Romeo and Juliet is unique in Shakespeare's output for containing, in the Chorus' Prologue, the playwright's own view of the overall import of the sad outcome, which he attributes to evil destiny and the parents' feud. Romeo and Juliet themselves are not tragic figures in the classical sense. It is the parents who exhibit a "tragic flaw," and thus are made to suffer through the needless loss of their children.

While this is a play of love and violence, it is also a play about haste. Almost all the characters, young and old, behave impetuously without giving thought to the implications of their actions. Friar Laurence voices the lesson: "They stumble that run fast."

The work, along with Macbeth, is one of the two most swiftly moving in the whole canon; Shakespeare compressed the nine months of the original source into a mere five days. Kahn has generally kept things going at a good clip. The show has a playing time of exactly three hours. Kahn has cut less from the text than what we find in many productions. He includes the Chorus' opening prologue (with the final death-scene mimed behind), as well as the prologue to Act II.

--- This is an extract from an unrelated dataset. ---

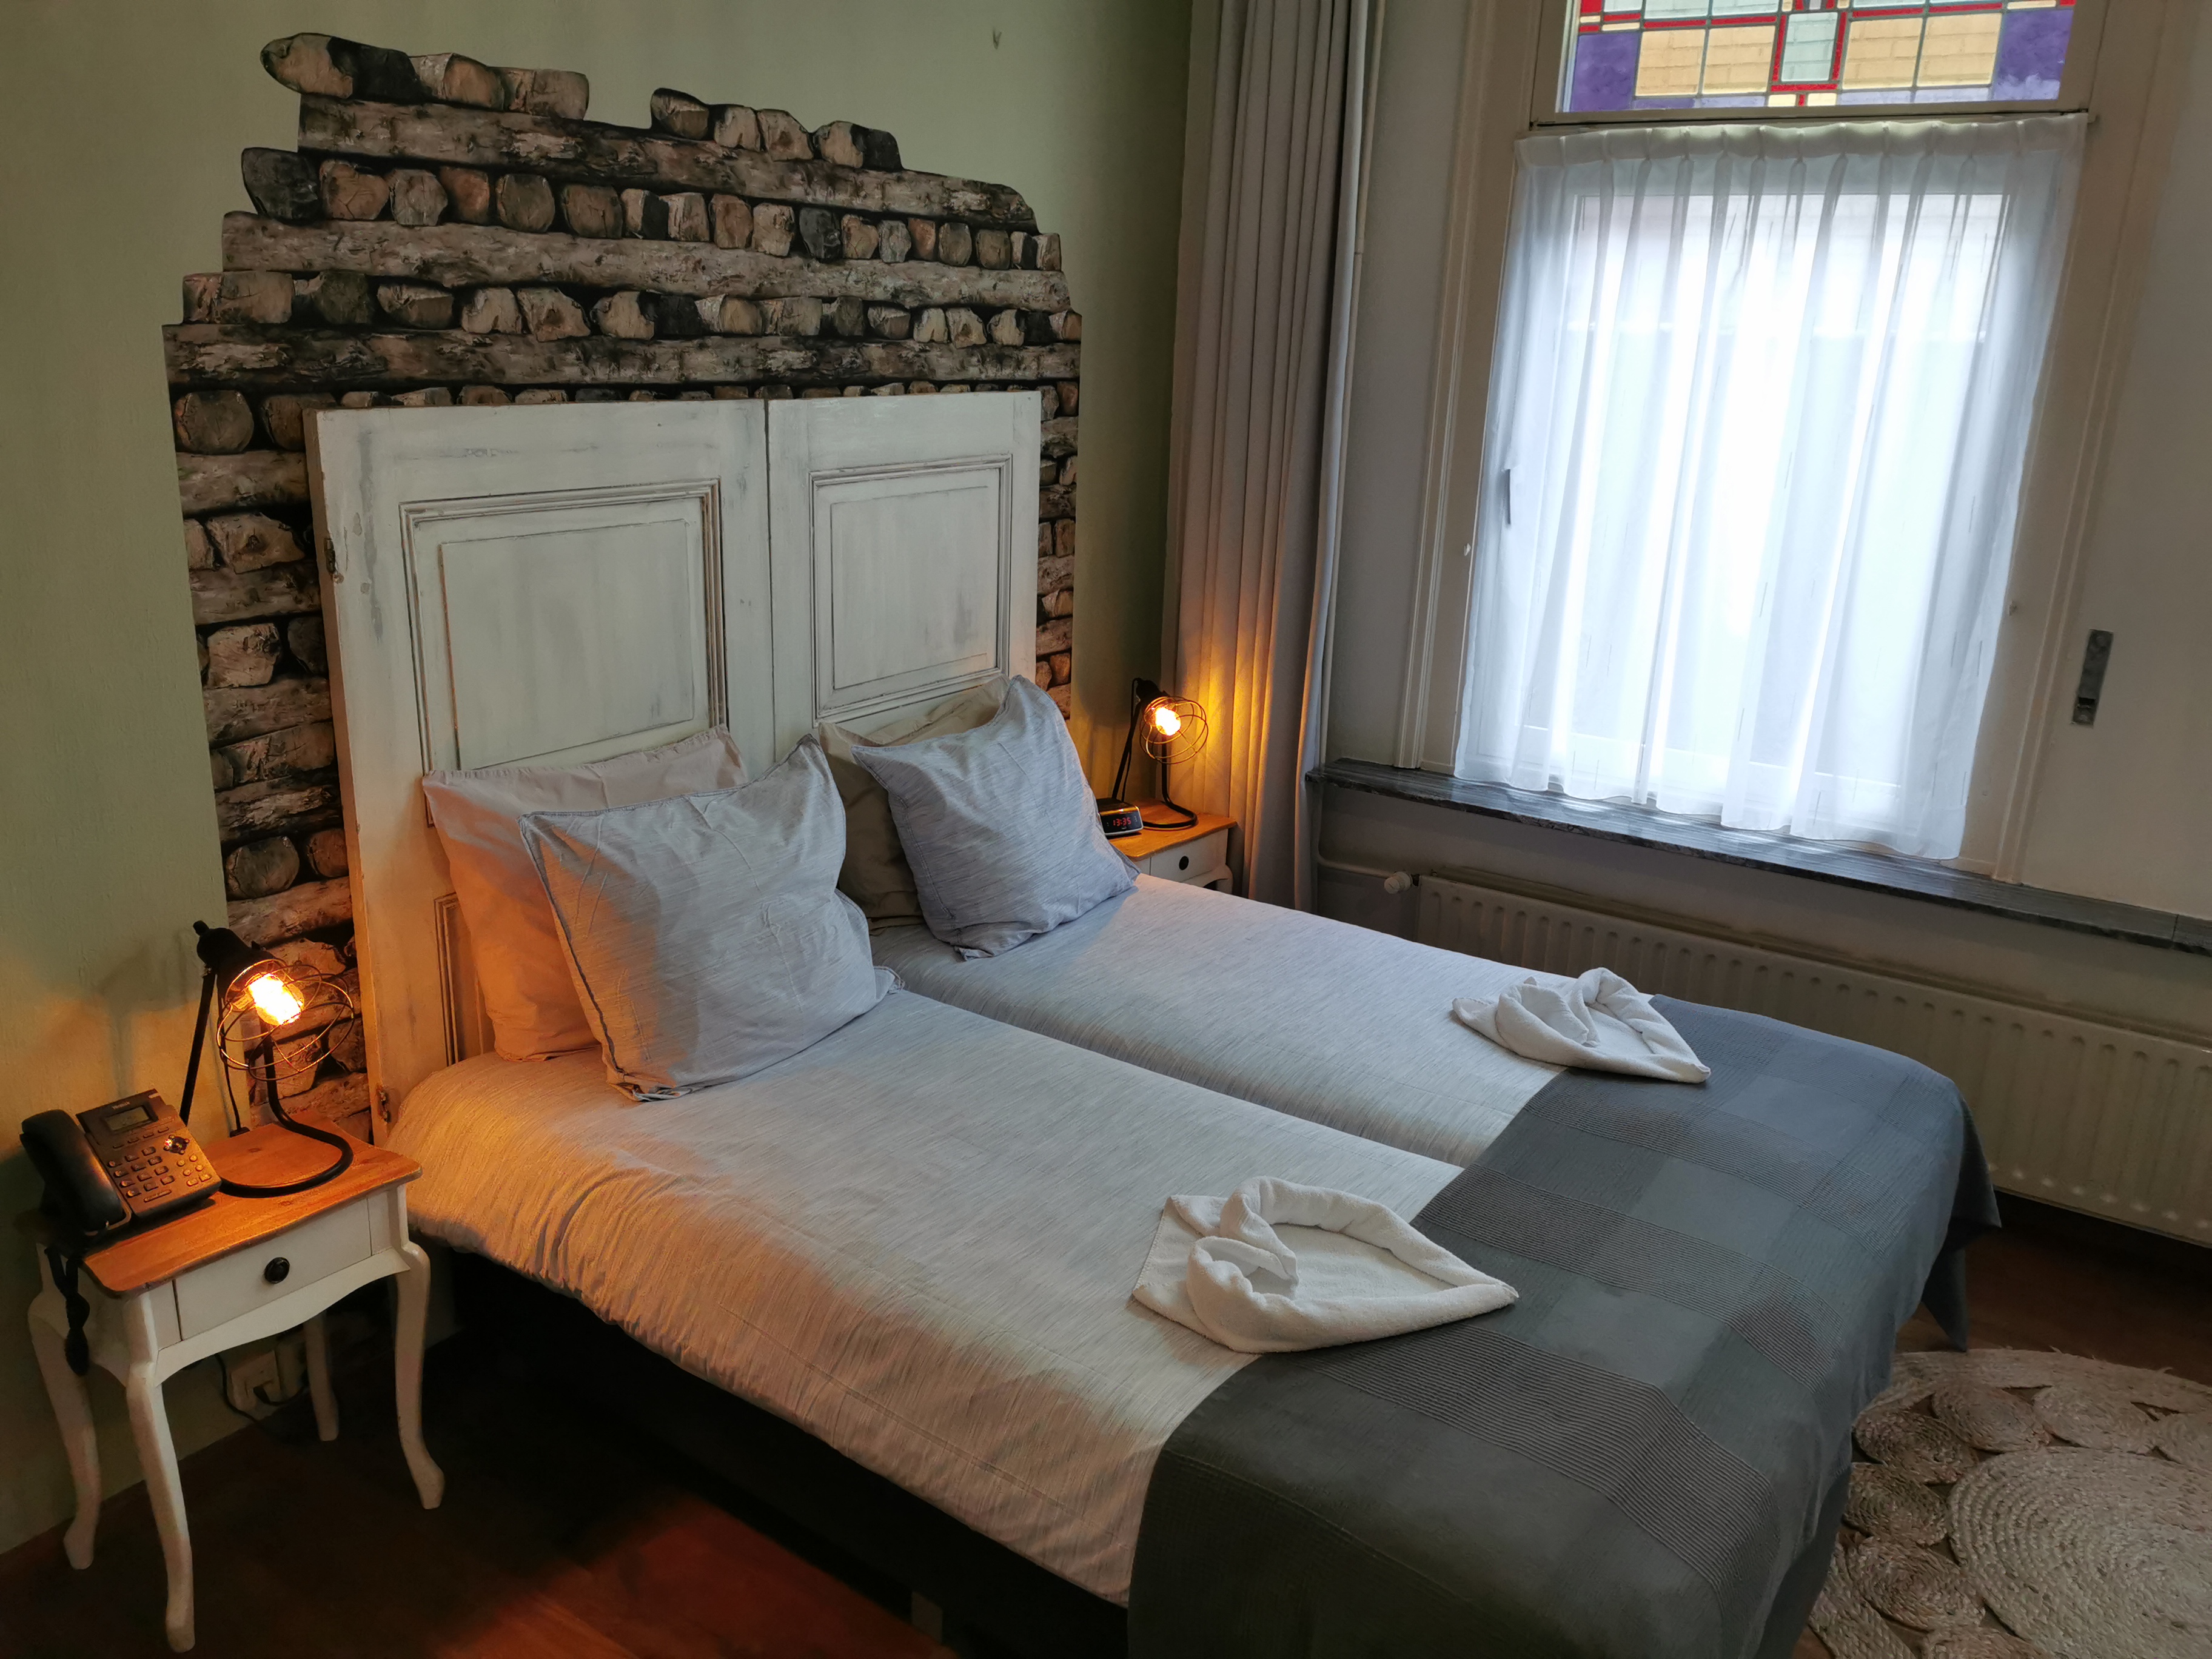 Hotel Heere <br/>82.00 ew <br/> <a href='http://vakantieoplossing.nl/outpage/?id=0bb9cd1bf1b98bb9cec0371d27563efc' target='_blank'>View Details</a>

Shakespeare failed to carry through as he did in Henry V, where the Chorus frames all five acts. And since the prologues in Romeo are both formal sonnets, Kahn has compensated by fleshing out the scheme through having the Chorus speak Sonnets 116 and 55 later on, as further commentary on the play. At other times, the strawhatted, bespectacled Chorus (the reliable Philip Kerr) wanders in and out, or leans against a column reading a newspaper--a silent observer of Verona life. A felicitous solution.